- Native name: Aiahtshimeu Hipu (Innu)

Location
- Country: Canada
- Province: Quebec
- Region: Côte-Nord
- RCM: Le Golfe-du-Saint-Laurent

Physical characteristics
- Mouth: Gulf of Saint Lawrence
- • coordinates: 51°28′10″N 57°42′05″W﻿ / ﻿51.4694444°N 57.7013889°W
- • elevation: 0 metres (0 ft)
- Length: 246 km (153 mi)
- Basin size: 7,158 km^{2} (2,764 sq mi)

= Saint-Paul River =

The Saint-Paul River (Rivière Saint-Paul, /fr/) is a river on the Labrador Peninsula of eastern Canada. Its source is located in the province of Newfoundland and Labrador and it empties into the Gulf of Saint Lawrence in the Côte-Nord region of Quebec. The Saint-Paul River is a salmon river that flows in a southerly direction.

==Location==

The river rises on the height of land between the Atlantic and Saint Lawrence.
The main channel is about 246 km, of which about 146 km is in Labrador.
The river has a Strahler number of 7.
It flows in a southerly direction, and empties into Esquimaux Bay in the Vieux Fort archipelago, about 35 km west of the municipality of Blanc-Sablon.
The last fifteen kilometers of its course define the boundary between the cantons of Chevalier and Bonne-Esperance.
The mouth of the river is in the municipality of Bonne-Espérance in Le Golfe-du-Saint-Laurent Regional County Municipality.
The village of Rivière-Saint-Paul is located on the west side of its mouth.

==Name==

The Inuit who once lived at the river mouth called the river the Quitzezaqui River, meaning "Great River".
The Naskapi call it Aisimeu Shipu, meaning "Eskimo River", while the Innu use Aiahtshimeu Hipu, also meaning "Eskimo River".
Louis Jolliet arrived at the river on 7 July 1694, and called it Rivière des Esquimaux.
It was also called Grande Rivière.

In March 1706 Jean-Amador Godefroy de Saint-Paul (1649-1730) was granted a trading concession at the river mouth. This post and a village that grew around it came to be called Village Saint-Paul. The community name Rivière-Saint-Paul was adapted officially in 1956.

==Basin==

The river basin covers 7158 km2.
It lies between the basins of the Napetipi River to the west and the Belles Amours River to the east.
About 69.5% of the basin is in Labrador, north of the provincial boundary.
The Quebec portion is partly in the unorganized territory of Petit-Mécatina and partly in the municipality of Bonne-Espérance.
The river basin include part of the proposed Basses Collines du Lac Guernesé Biodiversity Reserve.
A map of the ecological regions of Quebec shows the river in sub-regions 6o-T, 6n-T and 6m-S of the east spruce/moss subdomain.

==Basque presence==

Between July and August 2019 a team of underwater archaeologists discovered and examined four fishing sites on the Saint-Paul River that dated to the 16th century.
The camps were full of objects such as cauldrons, ceramics, roofing tiles and ships nails that the Inuit probably bought from Basques.
This showed that the Inuit were settled rather than nomadic, and also that the Basques had closer ties with the local people than had been thought.
The objects were found in the river and on the shore.

==Fishing==

The river is recognized as an Atlantic salmon (Salmo salar) river.
In 2018 harvesting of large salmon was allowed for only part of the year.
The fishing season lasts from mid-June to mid-August.
In 2013–2017 an average of 126 salmon were reported caught each year in the river.
The bed of the river is composed of medium-size rocks, and the water is cold and clear, making ideal habitat for Atlantic salmon.
Other species found at the river mouth include American eel (Anguilla rostrata), anadromous brook trout (Salvelinus fontinalis) and rainbow smelt (Osmerus mordax).

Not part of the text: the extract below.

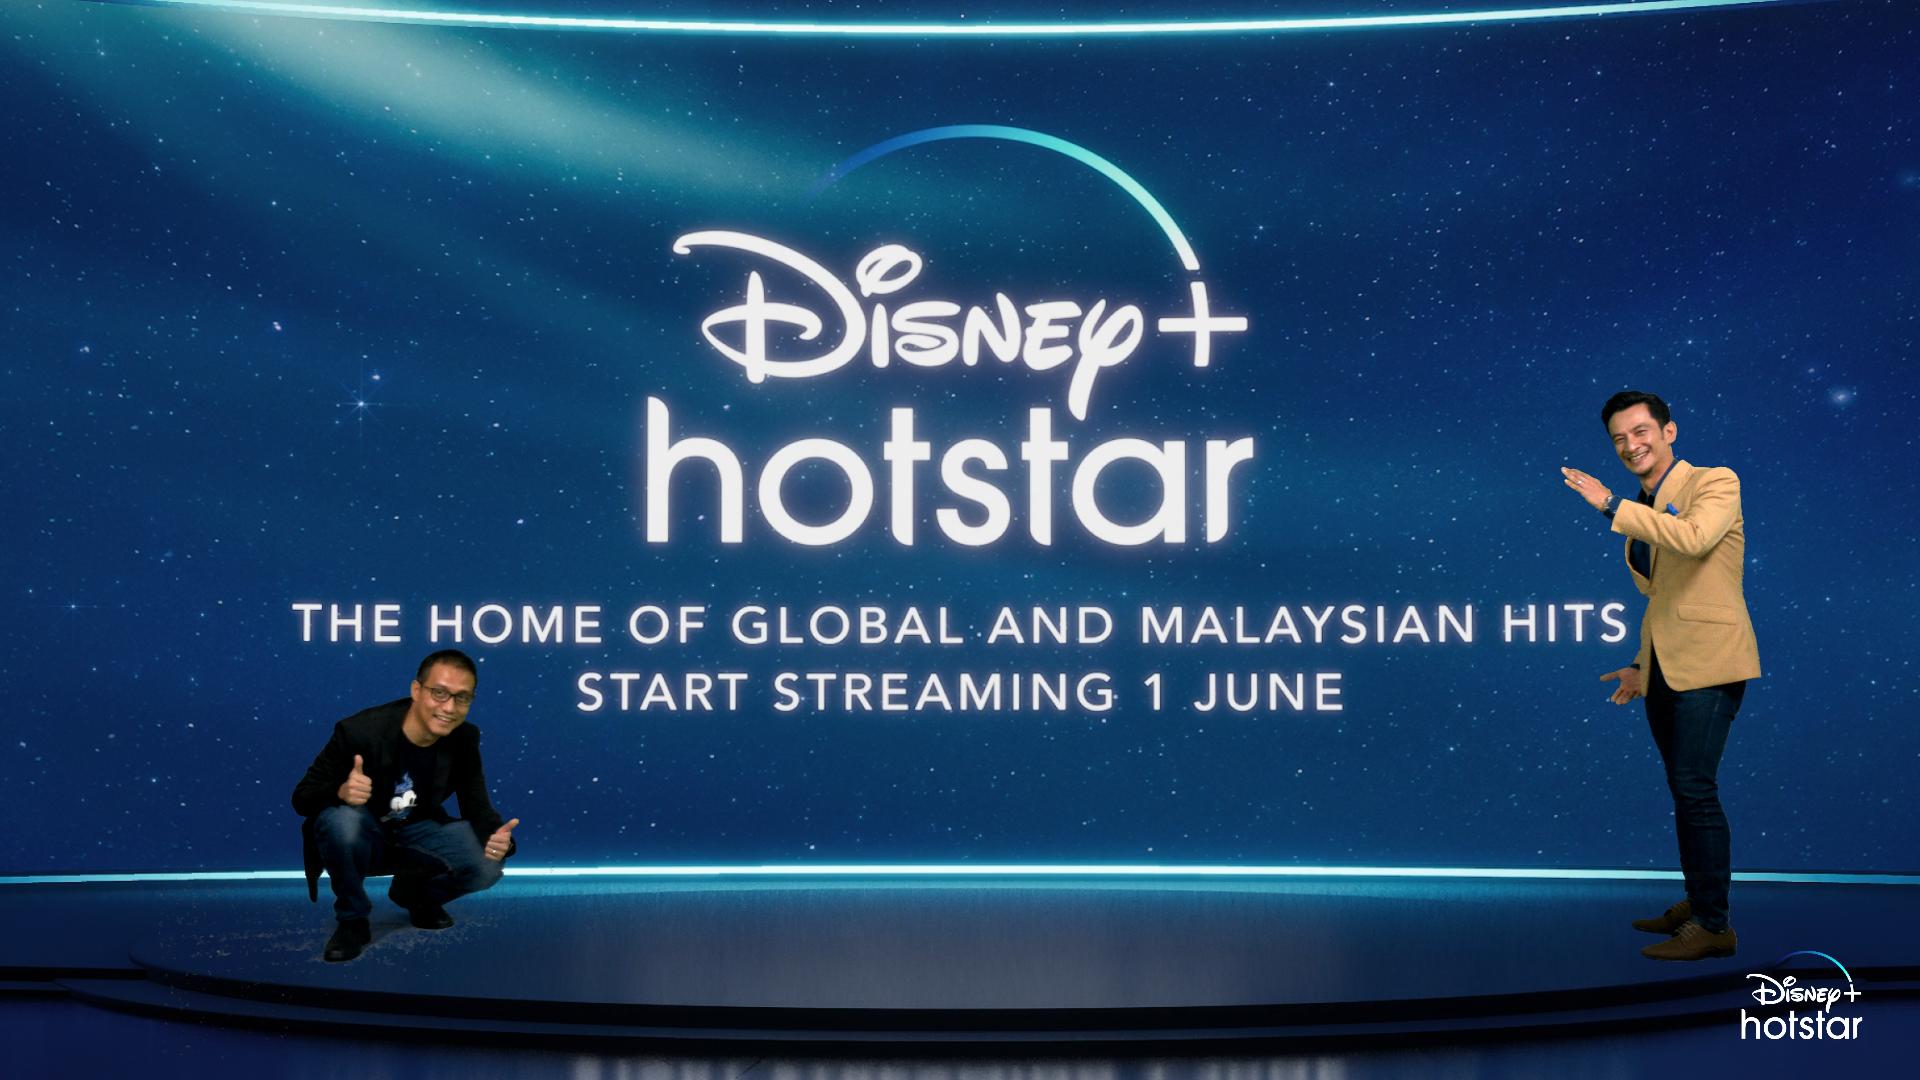 阿末依占(左起)和主持人纳兹鲁丁(Nazrudin Rahman)出席Disney+ Hotstar线上推介礼。-Disney+ Hotstar提供-

The Club de pêche au saumon Saint-Paul (Saint-Paul Salmon Fishing Club) provides outfitting services.
The club has exclusive rights in an area about 60 km upstream with many islands and rapids.
They provides a cabin, canoe, and guided fly fishing and river fishing for Atlantic Salmon.
The camp is accessed via charter float plane or helicopter.
Pourvoirie Green Point also provides outfitter services, and has exclusive rights for 17 km of the river starting from 3 km from the river mouth and extending to Green Point Rapids.
The service includes air transport from Blanc-Sablon, guided fishing and accommodation in camps on the river.

The river exceeded its target for salmon management in 2018, and in July 2018 the Ministry of Forests, Wildlife and Parks announced that in August anglers could keep their catch of one large salmon 63 cm or longer in the Gros Mécatina, Napetipi, Saint-Paul, Vieux Fort and Matapedia rivers.